Some methodological choices and interventions on multiple levels of the research process – the data, the code, and the analysis – were necessary to mitigate issues of OCR errors, algorithmic bias, and limitations of the data. In the words of Shanon Leon, when it comes to humanistic inquiry, most data sets cannot “stand on their own without clear and thorough documentation that accounts for the many decision points along the way.” (Leon 2019: 10-11) Further, Stéfan Sinclair and Geoffrey Rockwell have argued in favor of the interpretive responsibility of humanists and historians engaging with text analysis and quantitative methodologies. They remind us that computational tools do not produce meaning; they are rather meant to “facilitate the augmented hermeneutic cycle.” (Sinclair / Rockwell 2016: 345). In this sense, without human intervention based on thorough knowledge of the input data and its historical context, the automated process of extracting named entities, for instance, would have risked misrepresenting particular geopolitical entities that participated at the fair. Beyond simply presenting the preliminary findings of this project, I hope to raise some of the methodological concerns regarding text mining for historical analysis that informed the scope of my research questions and the core argument of this project. I am currently collecting more data to expand the analysis and include other world’s fairs at the turn of the century.

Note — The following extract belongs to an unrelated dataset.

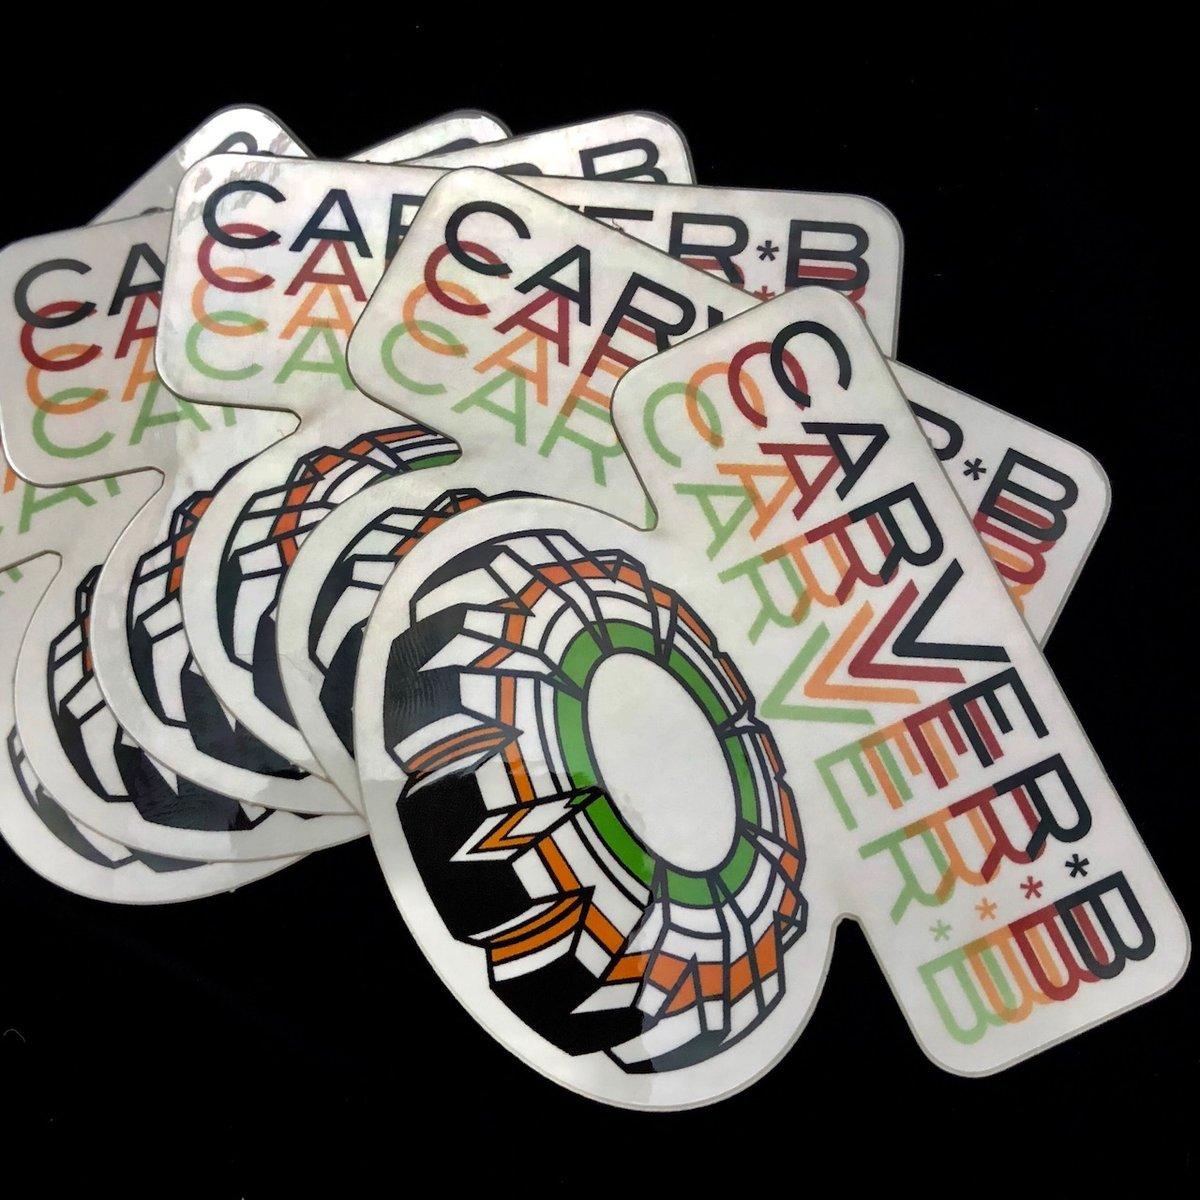 Image of Carver B Sticker/Slap

Here, the understanding of newspapers as mediators that both influence and are informed by competing values, attitudes, and ideology in the discursive dimension relies on the work of Susan J. Douglas. The mediation resulted in new discursive representations of the United States and the world, and as per Benedict Anderson’s framework, contributed to shaping “imagined communities” and their modern geography.
This project relies on Cameron Blevins’ terminology and framework to understand how newspapers “print, and thereby privilege, certain places over others.” Blevins relied on Henri Lefebvre’s notion of space as a social construct and Edward Said’s idea of imaginative geographies.” He also took into consideration Benedict Anderson’s work on imagined communities.